AI in Early Diagnosis of Chronic Diseases
Pratik S. Shah, Nishi S. Shah, Saavan P. Asodaria
Computer Science and Engineering at Sardar Vallabhbhai Patel Institute of Technology (SVIT), Vasad.
Computer Science and Engineering at KPGU – Drs. Kiran & Pallavi Patel Global University, Vadodara.
Computer Science and Engineering at ITM (SLS) Baroda University, Vadodara.
PRATIKS7A7@GMAIL.COM
NISHISHAH1124@GMAIL.COM
SAVANASONDARIYA@GMAIL.COM
Abstract - Chronic diseases (non-communicable diseases) such as diabetes, cardiovascular disease, cancer, and neurological disorders impose a tremendous global health burden, accounting for over 40 million deaths annually (≈71% of all deaths). Early diagnosis is critical to improving outcomes and reducing healthcare costs, yet many chronic conditions manifest subtly and are detected only at advanced stages. Artificial Intelligence (AI) – encompassing machine learning (ML), deep learning (DL), and data analytics – offers powerful tools for analyzing large-scale patient data (e.g. electronic health records, imaging, and wearable sensors) to detect disease signatures before clinical symptoms appear.
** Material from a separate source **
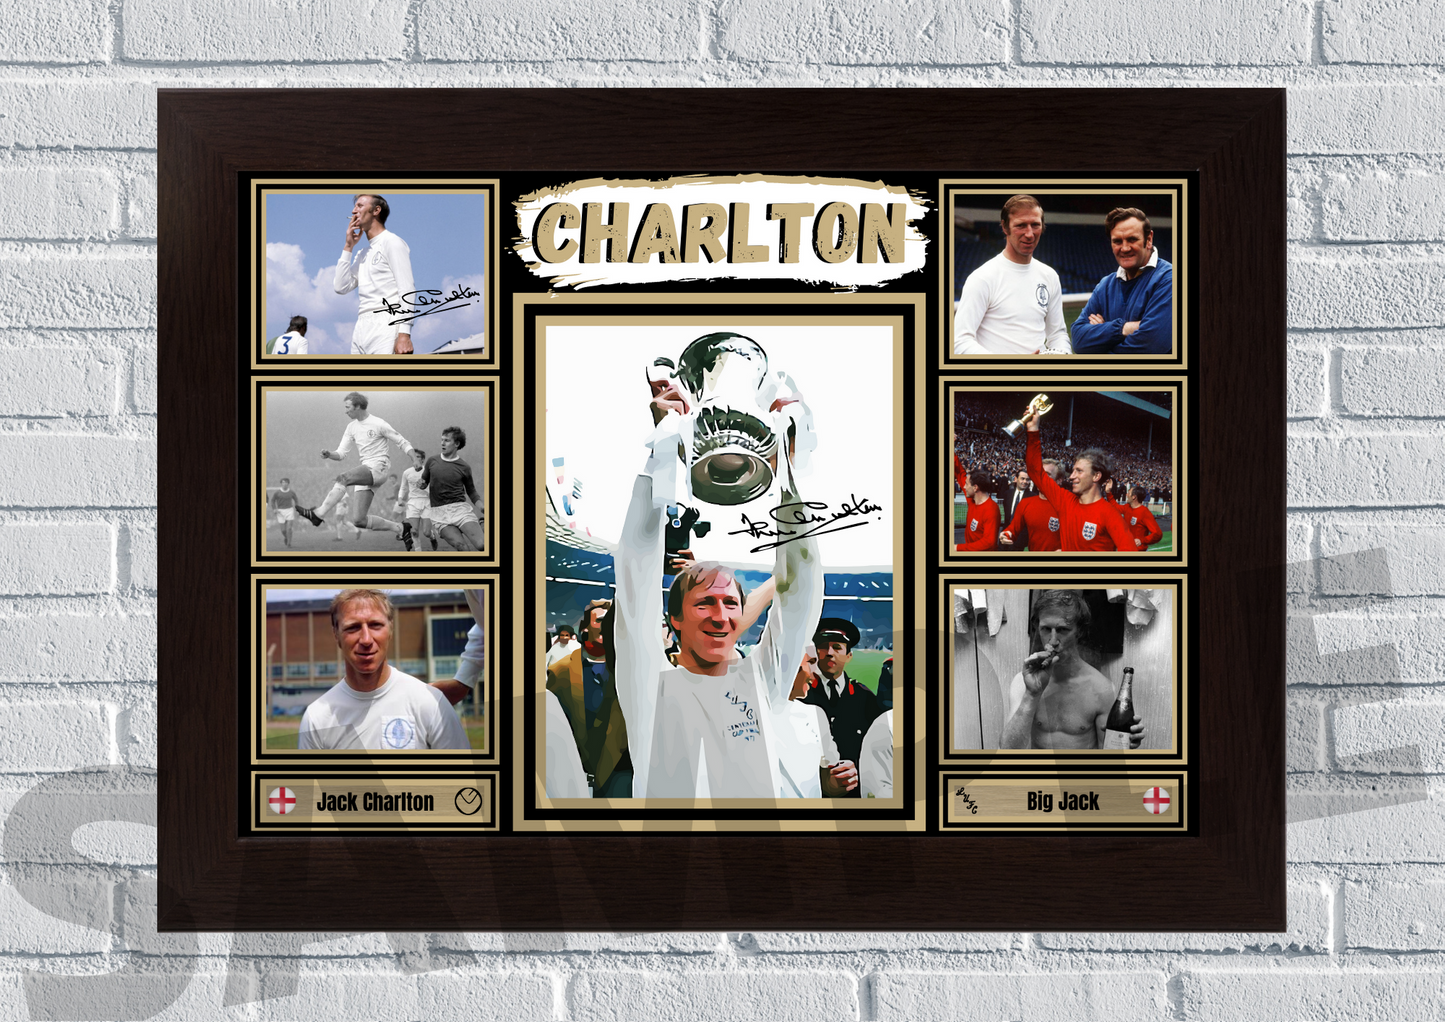 Jack Charlton - Leeds United legend Football memorabilia/collectable signed print #101
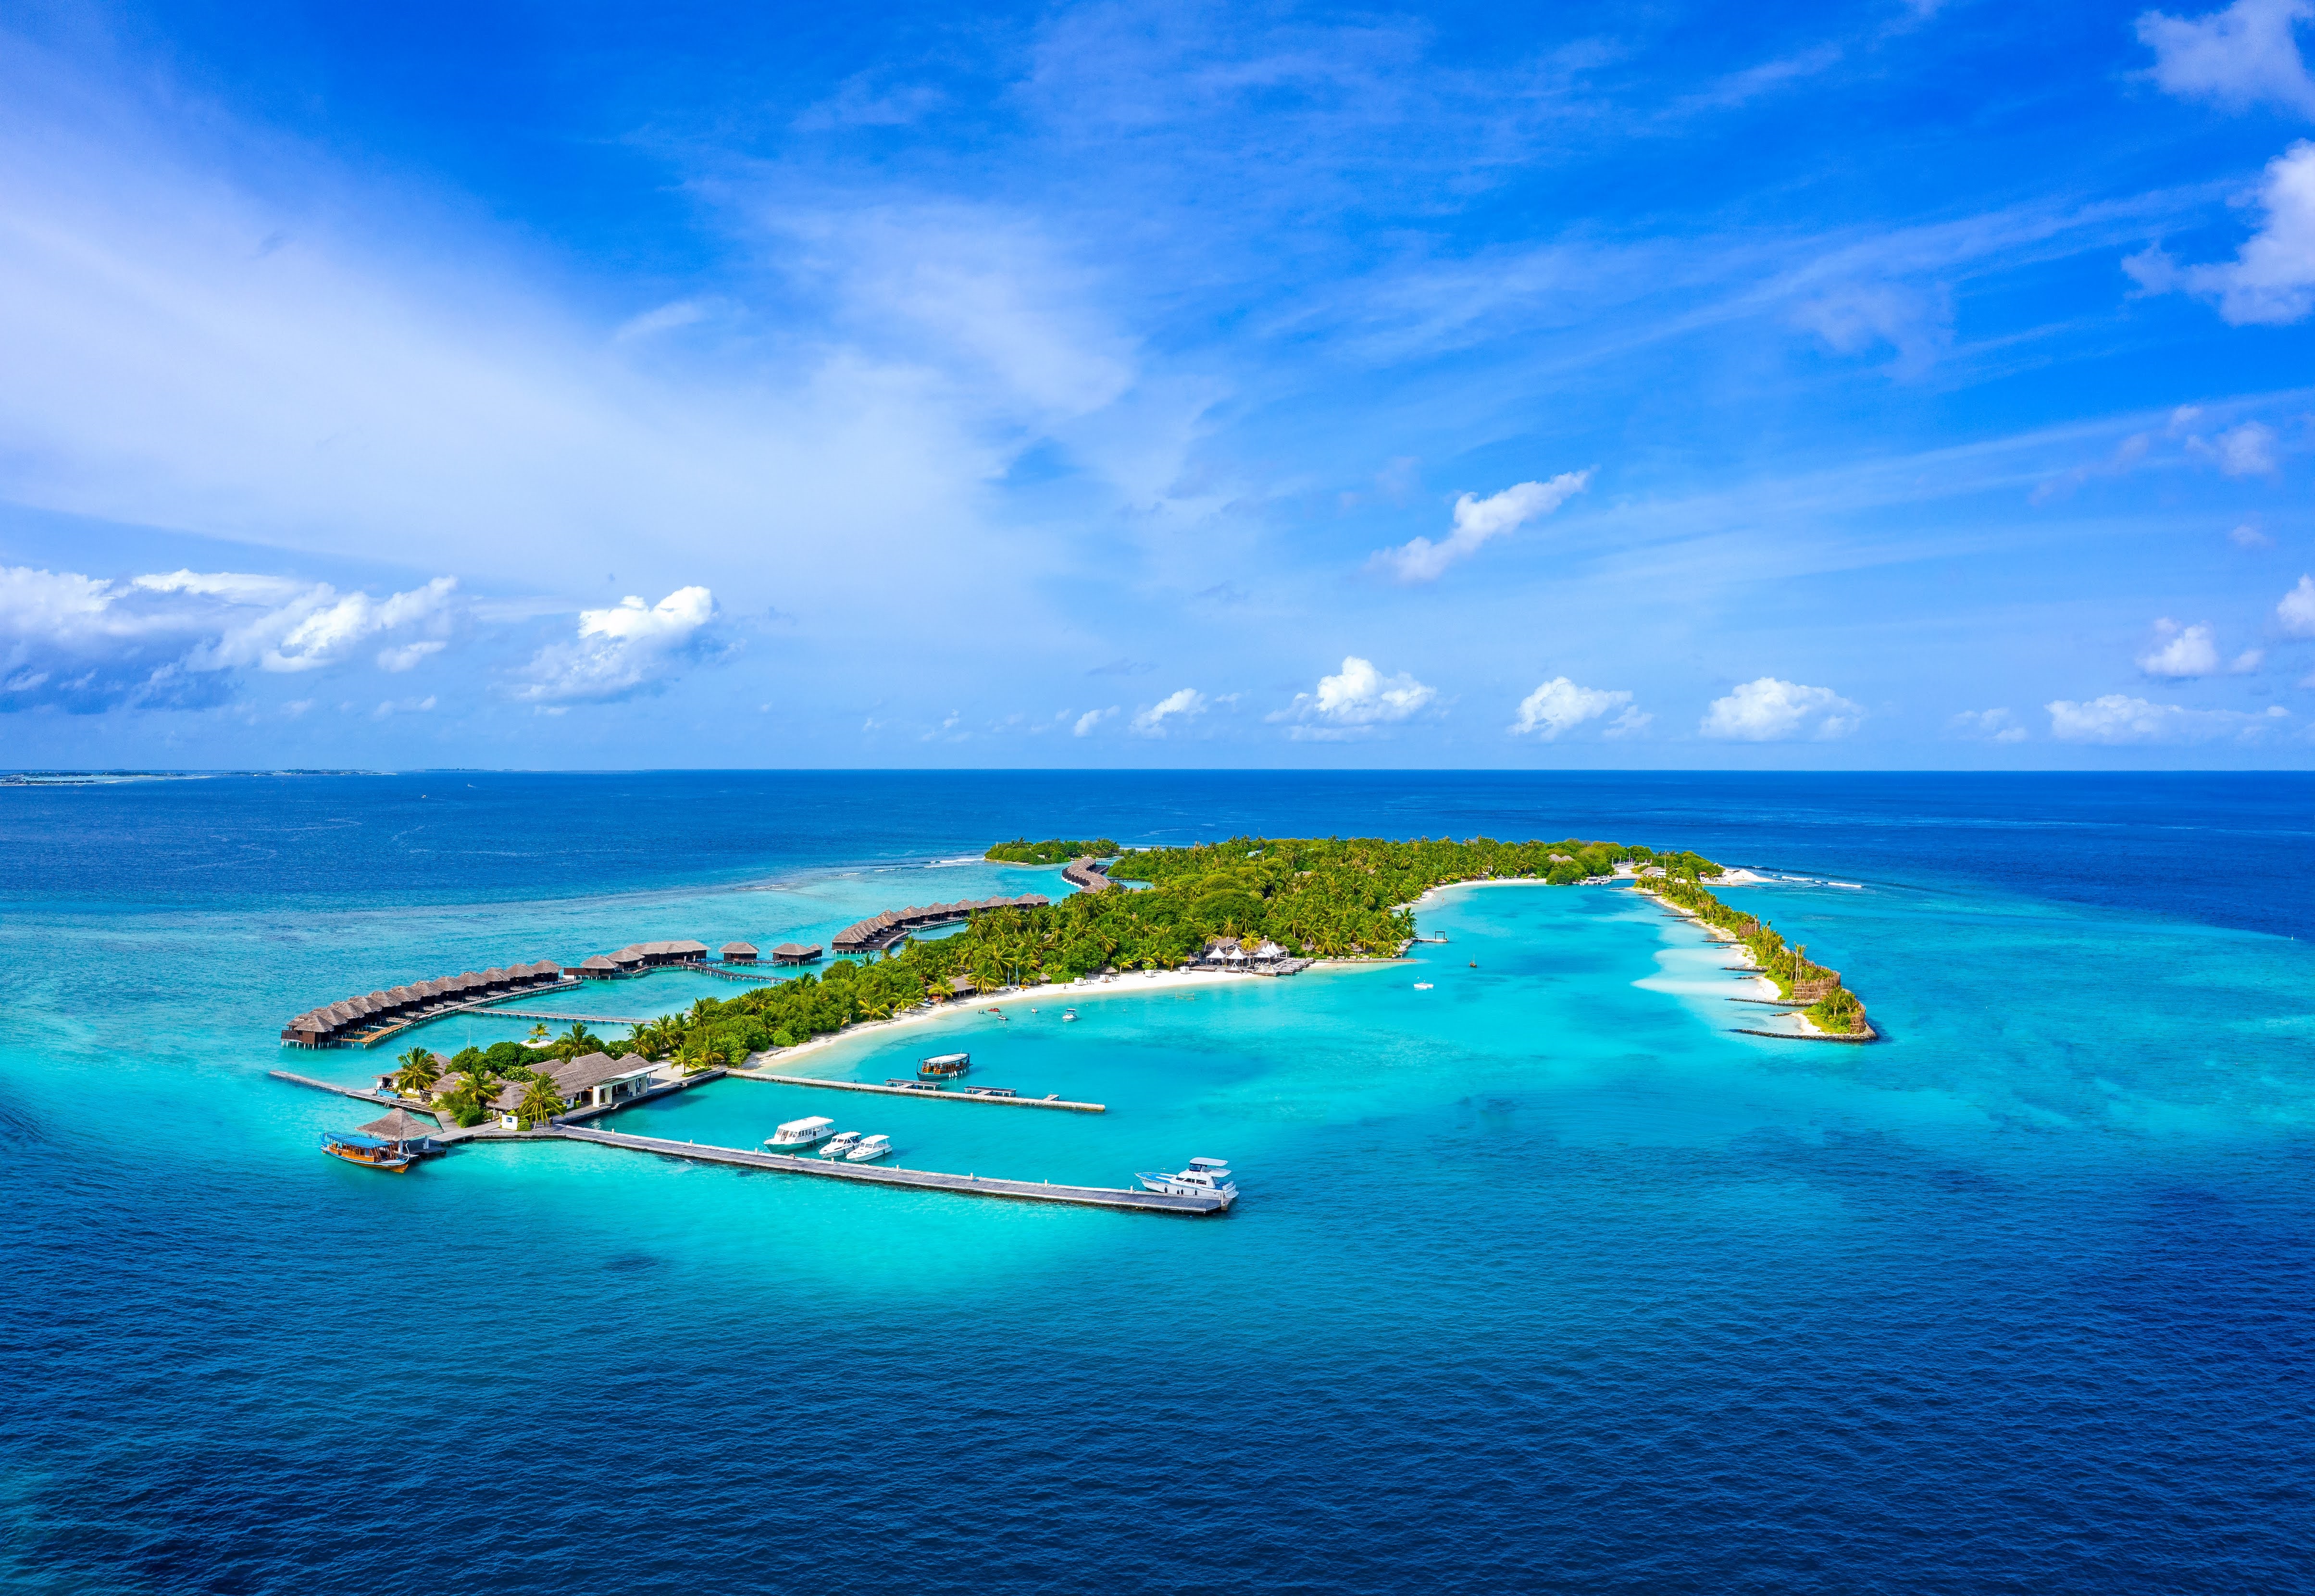 Beautiful, clear waters and pristine sandy beaches make Furanafushi island in The Maldives a stunning destination

In this review, we survey recent literature on AI-assisted early diagnosis of multiple chronic diseases. We outline key AI methods (e.g. neural networks, ensemble learning, natural language processing) and discuss real-world case studies: for instance, deep learning on retinal images can diagnose diabetes complications, convolutional networks on mammograms can detect early-stage breast cancer, and ML models on ECG or wearable data can identify asymptomatic atrial fibrillation. We present examples of open datasets (e.g. ADNI, MIMIC-III, ECG databases) and illustrate how AI models trained on these can predict disease onset with high accuracy. We also address ethical and technical challenges – data privacy, algorithmic bias, interpretability, and regulatory issues – that arise in AI-driven diagnostics. Our key findings are that AI approaches consistently improve early detection accuracy across diseases, but require careful validation and ethical oversight. Finally, we discuss future directions, predicting that AI will increasingly enable personalized, proactive chronic care, contingent on solving data governance and explainability challenges.